Either way you get the majority of Amazon's existing Alexa skills, including control over your smart home devices – lights, thermostats, and more, for instance – together with traffic and news reports, weather updates, and even seeing a feed from your connected security cameras on the TV. You can load Fire TV apps, too, for third-party services. Saying "Alexa, launch Netflix" called up the streaming app.
Weirdly, not all Alexa interactions are created equal. While Alexa on the Fire TV has claws deep into both Amazon's services and those of third-party services, Alexa on a separate Echo does not. If you're using the latter, though you can load the Netflix, Hulu, or other apps by voice, you can't call up their shows and movies directly. To do that, you'll need to use the Fire TV remote.

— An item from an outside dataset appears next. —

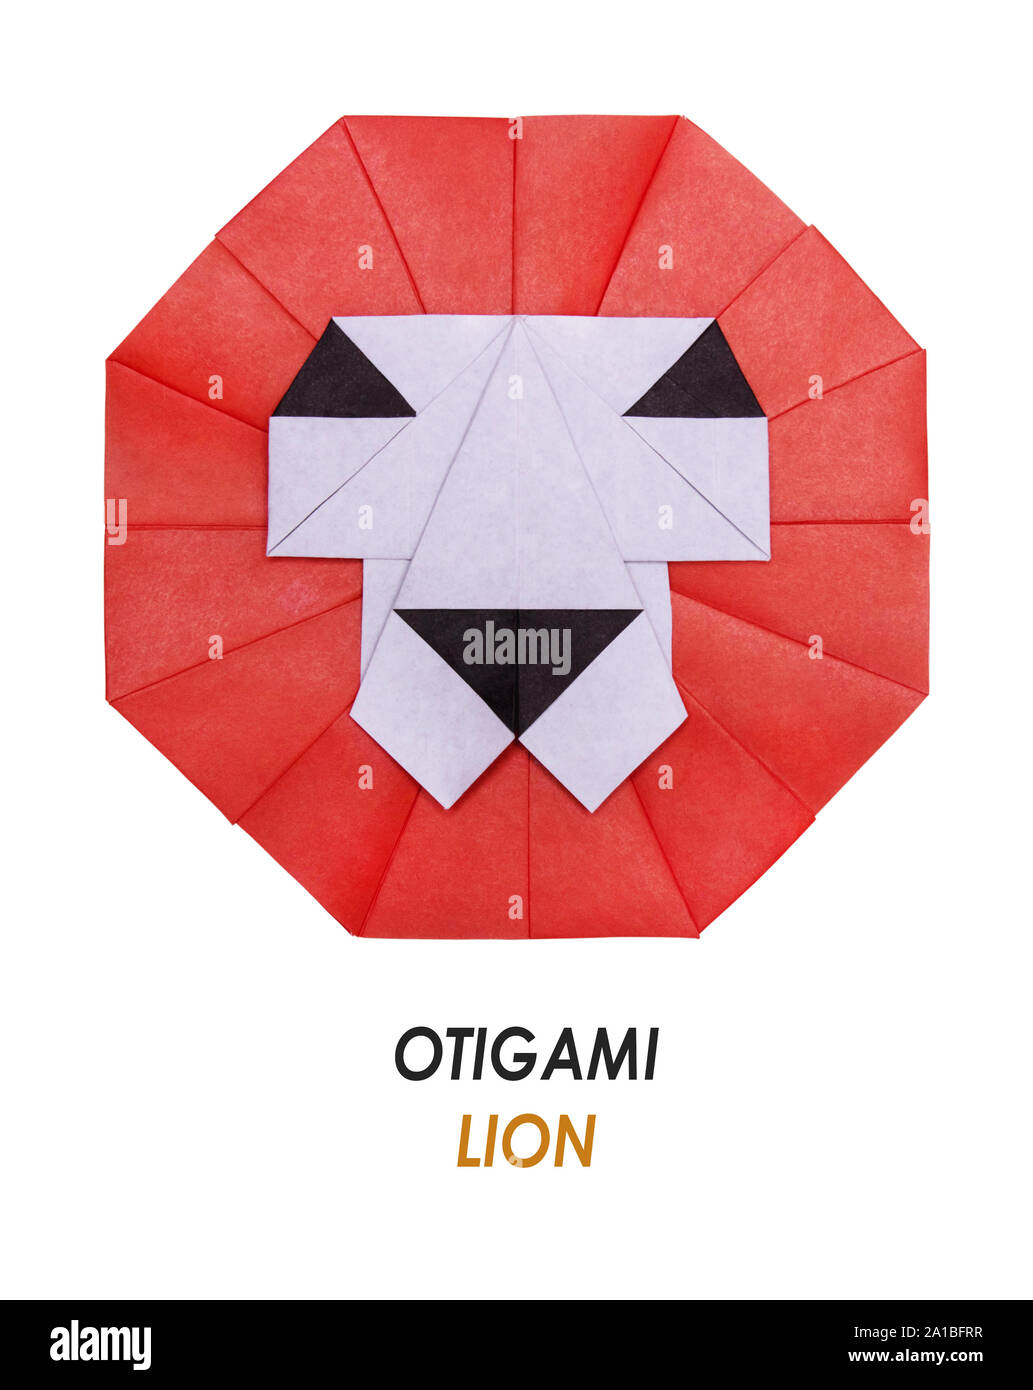 Origami Lion Stock Photos Origami Lion Stock Images Alamy

My other frustration was with the efficacy of Amazon's search, whether using Alexa or not. The basics are there, like hunting for a specific title or actor, but the fuzzier searches – "new French language movies" for instance – proved less successful than rivals manage. Content overload through our streaming providers is the modern day equivalent of having hundreds of cable TV channels to scroll through, and I wish the Fire TV did better at discovery.
Not all 4K HDR is created equal
The 2017 Fire TV makes some big video promises, most notably the support of 2160p 4K and HDR content. HDR is shaping up to be the TV industry's next big reason to upgrade, with a significantly improved brightness range that could do for your eyes what the jump from HD to 4K did. However, there are a few things to bear in mind.
HDR currently comes in two different flavors. HDR10 is the most widespread, though it's also the more basic of the two; Dolby Vision is less prevalent, but generally more impressive. Some TVs only support HDR10, and similarly some set-top boxes only support HDR10.
The new Fire TV is one such box. Even if you've got a 4K HDR TV with Dolby Vision support, you'll be limited to HDR10 content from Amazon's streamer. You do at least get HDR support in the YouTube and Netflix apps.
If you're looking for HDR movies on the new Fire TV, you may be disappointed. Amazon simply has far fewer titles, it seems, than its rivals do. The pickings are better in Amazon Prime Video's TV catalog, where many recent shows do support HDR10.
Amazon also bills its Dolby Atmos support as a key reason to go for this new Fire TV, though you'll obviously need the right home theater speaker system in order to benefit from it.
The competition
There's plenty of choice in the streaming box market right now. The new Apple TV has a hefty $179 price and supports Dolby Vision, though there's no Atmos compatibility and Siri is less capable than Alexa. In Apple's favor, it's upgrading any movies you've already bought to 4K versions, if available.
Google's Chromecast Ultra matches Amazon's $70 price tag, meanwhile, has both Dolby Vision and Atmos support, and some of the voice-command integration if you've got a Google Home. Roku's $70 Streaming Stick Plus, just announced, also has Dolby Atmos and can play Amazon content too. You don't get Alexa, but you do get more services with 4K HDR movies, which after all is the point of a streaming device.
Wrap-up
There's a lot to like about Amazon's new Fire TV (2017). It's easy to install, speedy to use, and the Alexa integration works well – whether you're using the assistant built into the box, or through a standalone Echo. However, I still have some reservations.
If you're buying primarily for the promise of 4K HDR, the limited content availability and absence of Dolby Vision support are big concerns. I'm also not especially impressed by Amazon slotting adverts into the UI. The remote, too, needs at least volume buttons for your TV.
Those in deep with the Amazon ecosystem will find plenty here to like, especially if you're gung-ho about Alexa. Certainly, the new Fire TV's integration with Echo devices is probably the cleanest example of how a cross-platform assistant could work. Nonetheless, if your goal is the best 4K HDR content and you have the TV to match, there are other streaming boxes which deliver more.